The first day they just say there, free to take, but the second day a sign was added that says Free. IMO he had doubts that people would know they were free.

So the question is how long ETIQUETTE, traditional but unspoken standards between neighbors, allows the sofas to sit there before he must borrow or rent a truck or hire a carter to remove them? A range of times would be fine.

Reply to
micky

About 10 years ago, a neighbor left an old big-screen TV (rear-projection, with 3 CRTs) on the curb. it stayed there about a week and a half before the trash truck picked it up. Now we have trucks with mechanical arms that won't pick anything up unless it fits in a special container.

Reply to
Mark Lloyd

I went there this morning. Only knew the name of the HOA, but a ReMax google hit outlined the borders. Only about 10 blocks long spread over

6 streets, and the sofas were on the 4th block.

Even nicer than I expected. The light made some reflections look like damage. I thought the surface might be cracking into little squares, stuck to the cloth backing, but the surface was in one piece. And 4 out of 5 seats are recliners.

The house is for sale and may be vacant by now, but I didnt' look in the window.

The large one sells new for between 1000 and 2000. the small one between 500 and 2000. So even now, these are worth $750 or more. Maybe one small slit that can be repaired, or taped from behind. I had one person who agreed with me last night, and 3 more this morning, but there were 4 last night who were more vigorous in their disgust for free furniture.

So I put an ad in the FREE section of Next Door, but I don't fault the owners for not doing that. They had a sign that said Free.

And it just started to rain, but my experience in more than one case is that these things can dry out and be fine.
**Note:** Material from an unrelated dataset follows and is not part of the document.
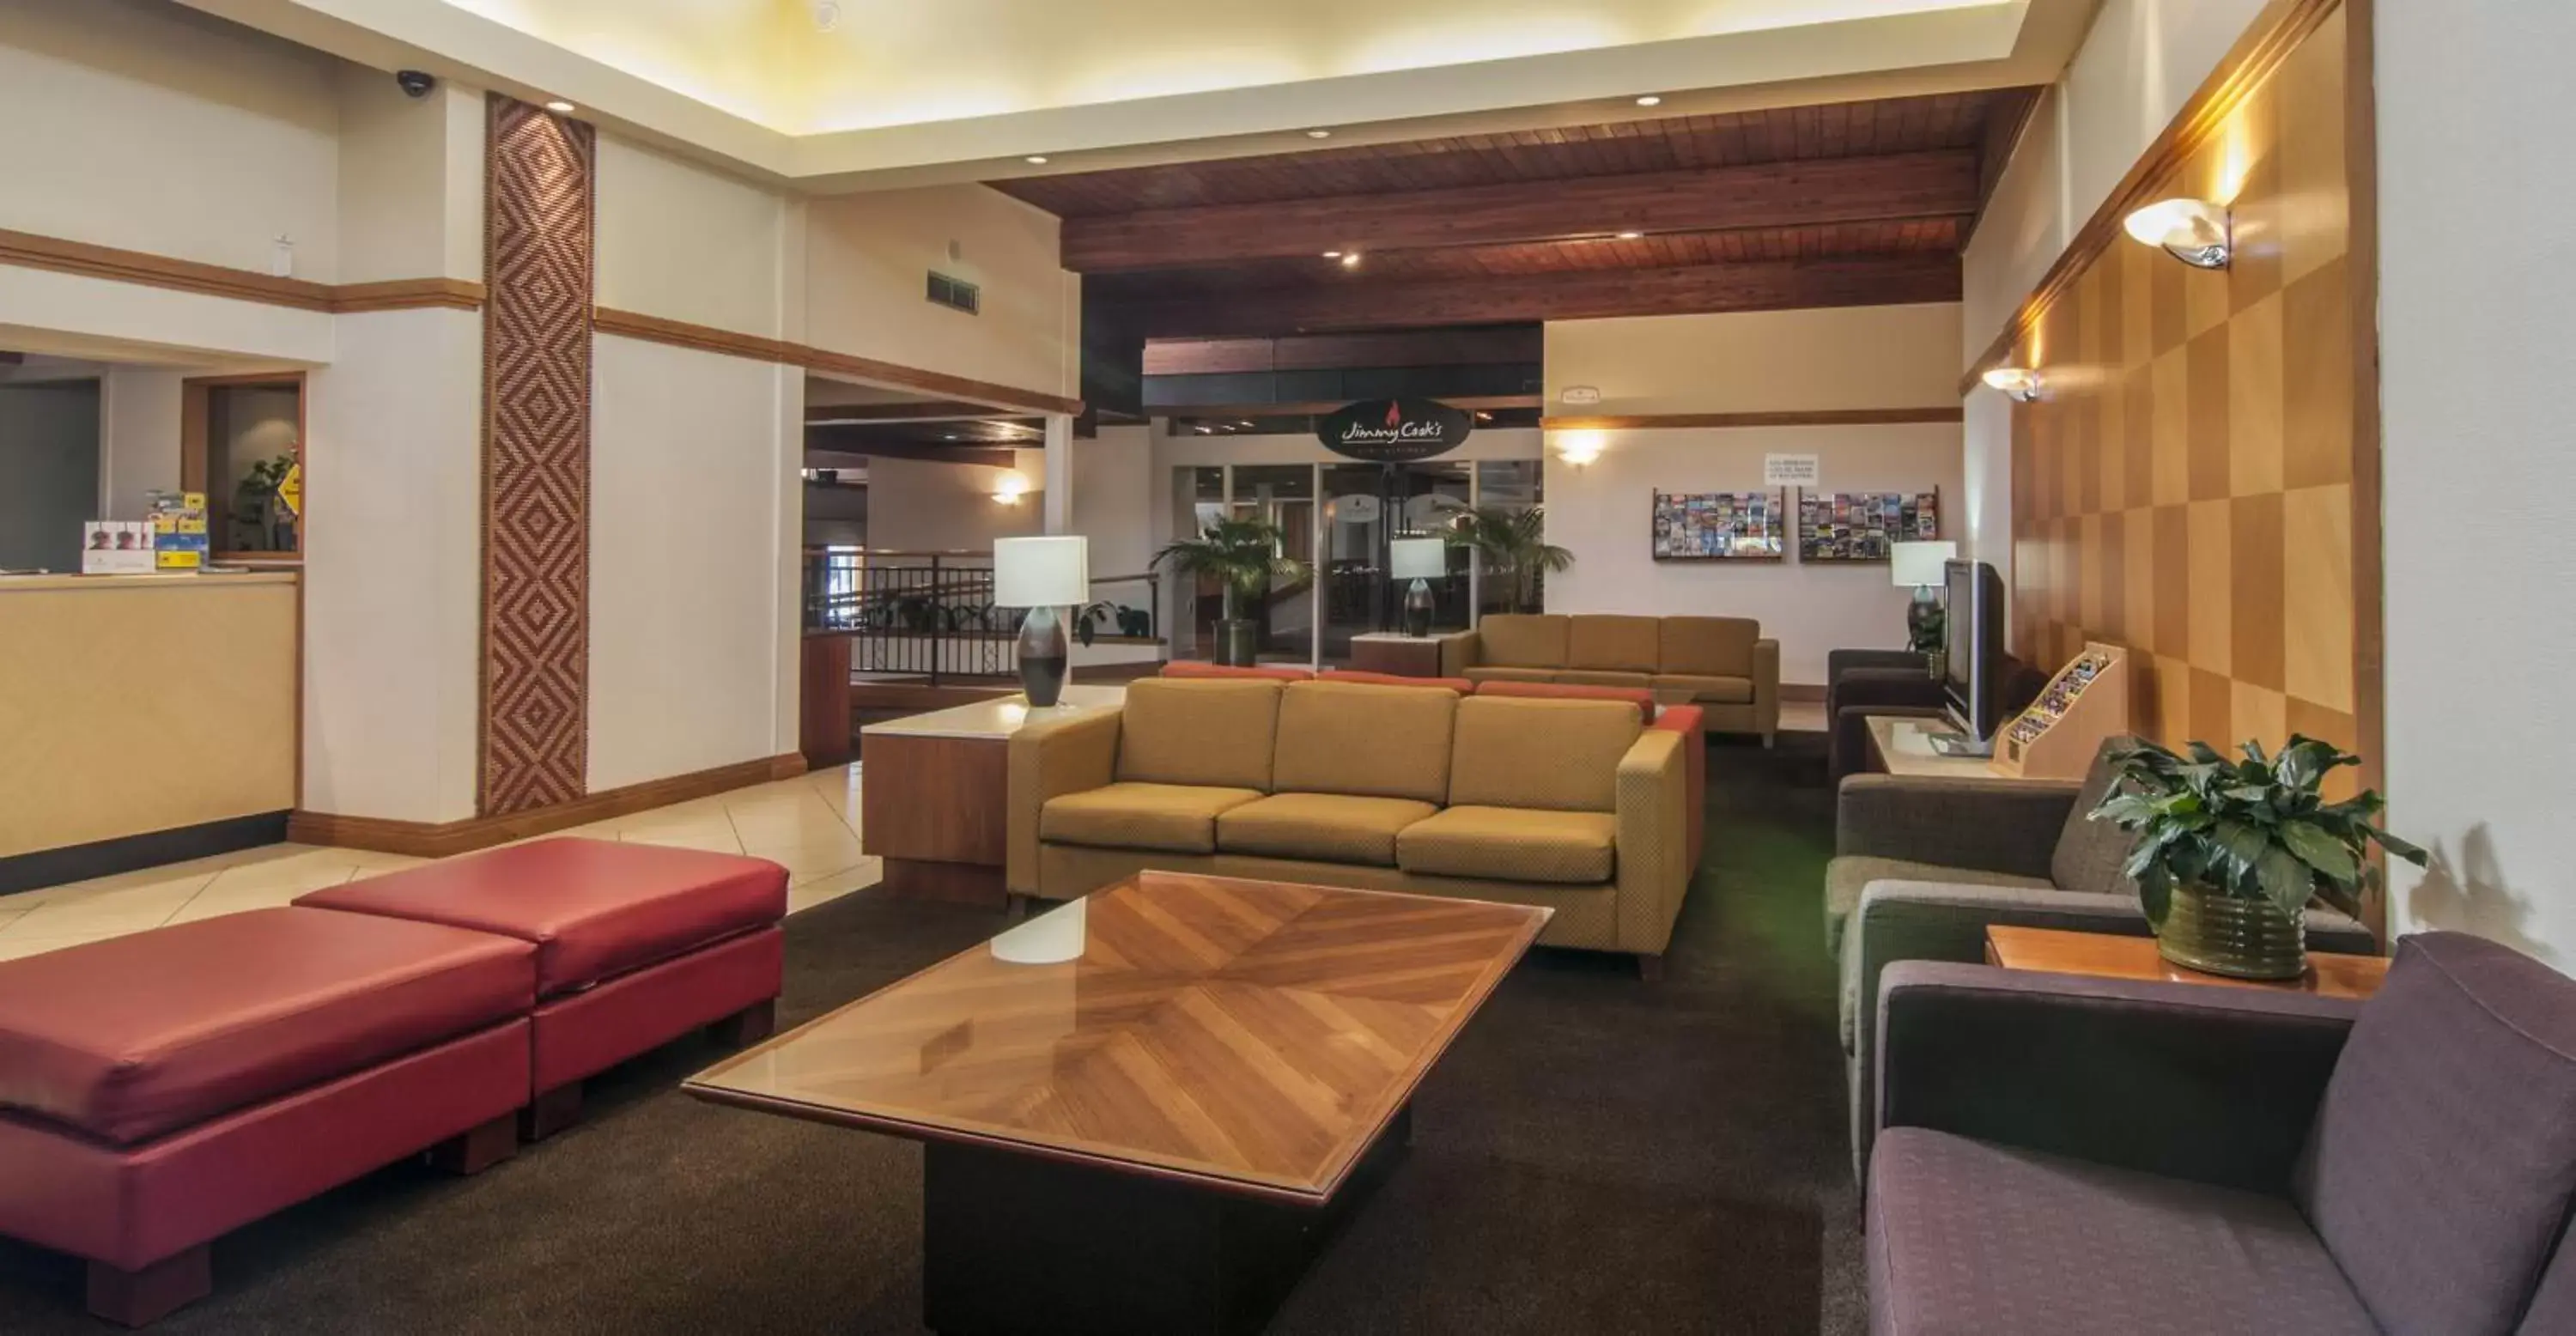 Lobby or reception, Lobby/Reception in Copthorne Hotel Rotorua

I wonder how the thread would have gone if I'd only seen the very first post, if I would have been able to show the other side of the coin, but instead there were several others suggesting code enforcement etc. and by that time, I'd lost my temper, couldn't be a mediator, only an advocate.
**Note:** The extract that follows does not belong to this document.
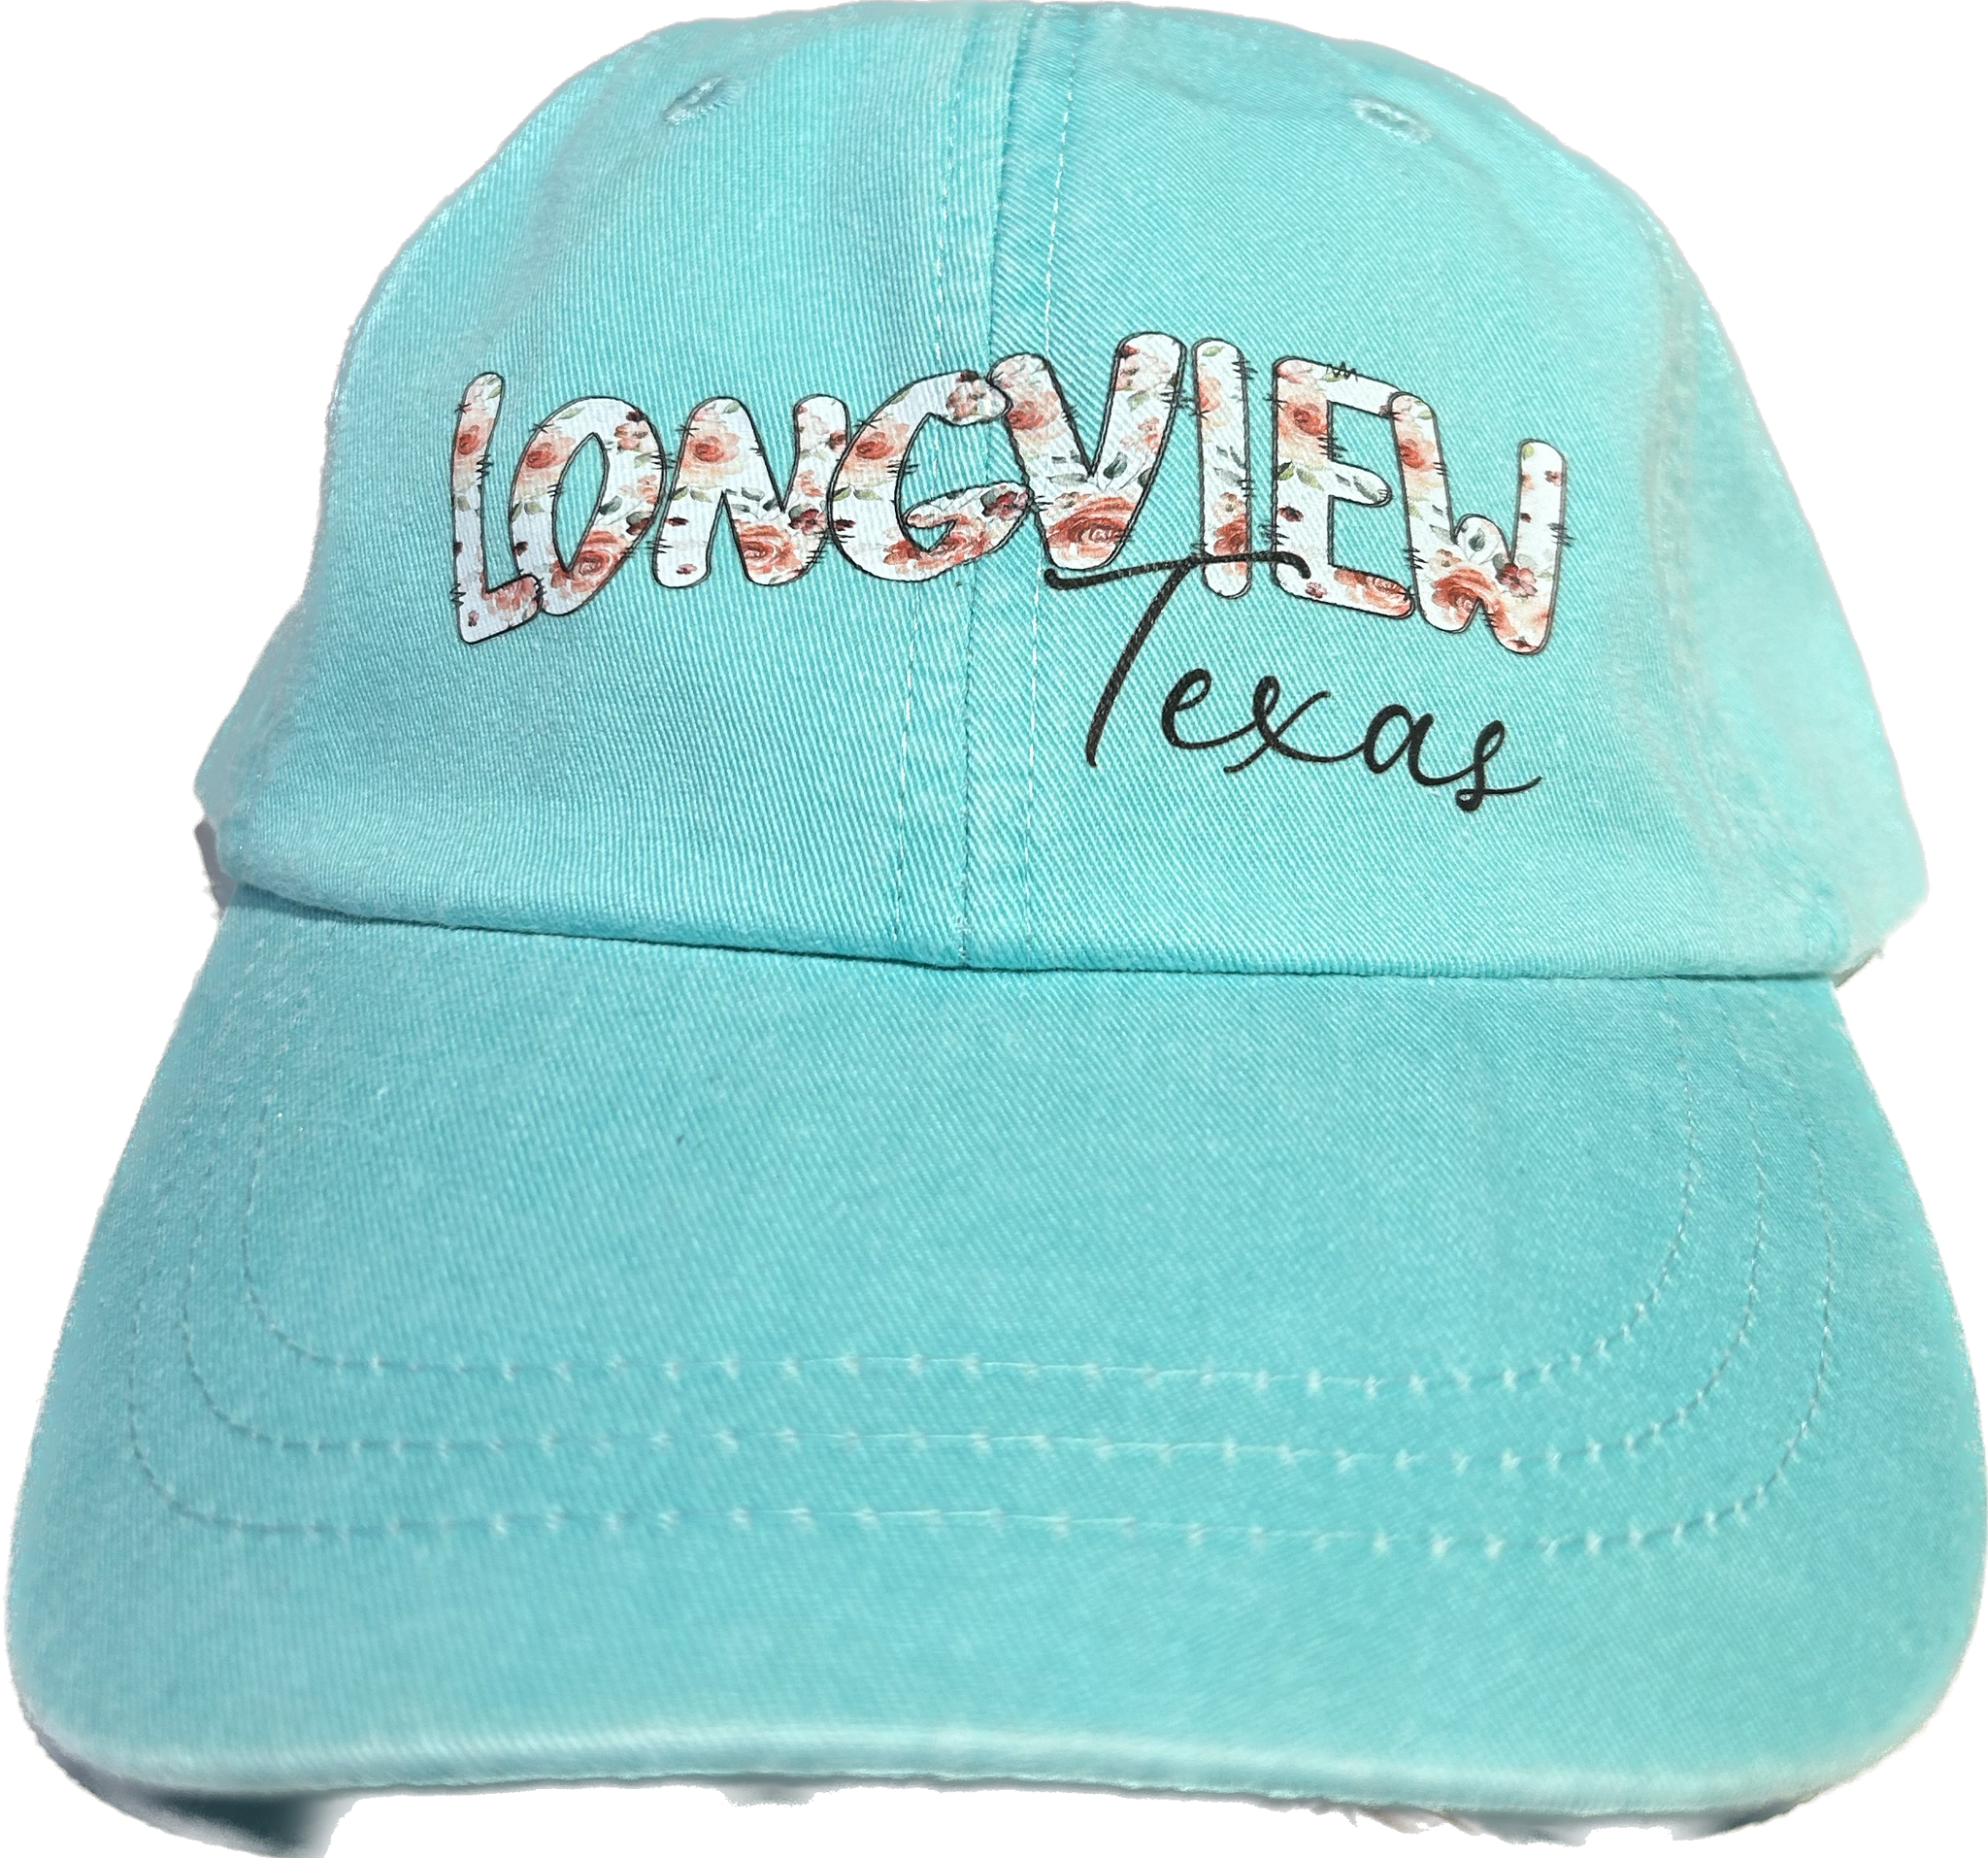 Longview Floral Hat

I suspect the angry ones are first-time homeowners. My friend who went to law school had a summer job in a court in Staten Island NY, and until they built the Verrzaano Narrows Bridge in 1964 or so, Staten Island was only accessible from NY by the ferry, still had farmland. After the bridge, it got a lot of new houses and first-time homeowners, and they acted like it. In one case, two next-door n'bors both had garages but they shared a driveway. (not a road, but a regular driveway to the back of the lot.) And one guy got mad at the other and built a fence on or near the property line down the middle of the driveway, so the other guy could not use it. :-)

Reply to
micky

Was there or was there not some spare change in the cushions?

Did you or did you not check? And then did you or did you not leave some small change, just to see if anyone else was going to check?

Enquiring minds.

Reply to
TimR

Good question. I'm short of money right now and I shoudl have checked.

That would have been hard.

I actually never checked if the recliners reclined, but I think the odds that all 4 are bad are very slim, and to fix one there is access to the mechanism from undernaath, right?

Put an add on CraigList two nights ago.

Didn't go yesterday, but went this afternoon and they are gone, so 5 days from first appearance, well within what one friend says is acceptable.

Probably went to a guy who monitors CL to resell free things. That's good. I hate waste.

That's good. If you don't ask questions, you'll never learn the answers.

Reply to
micky

In most places roving Puerto Ricans driving beat-up old pickup trucks will quickly pick up stuff like that. Is that in some kind of gated community where such riff-raff are kept you?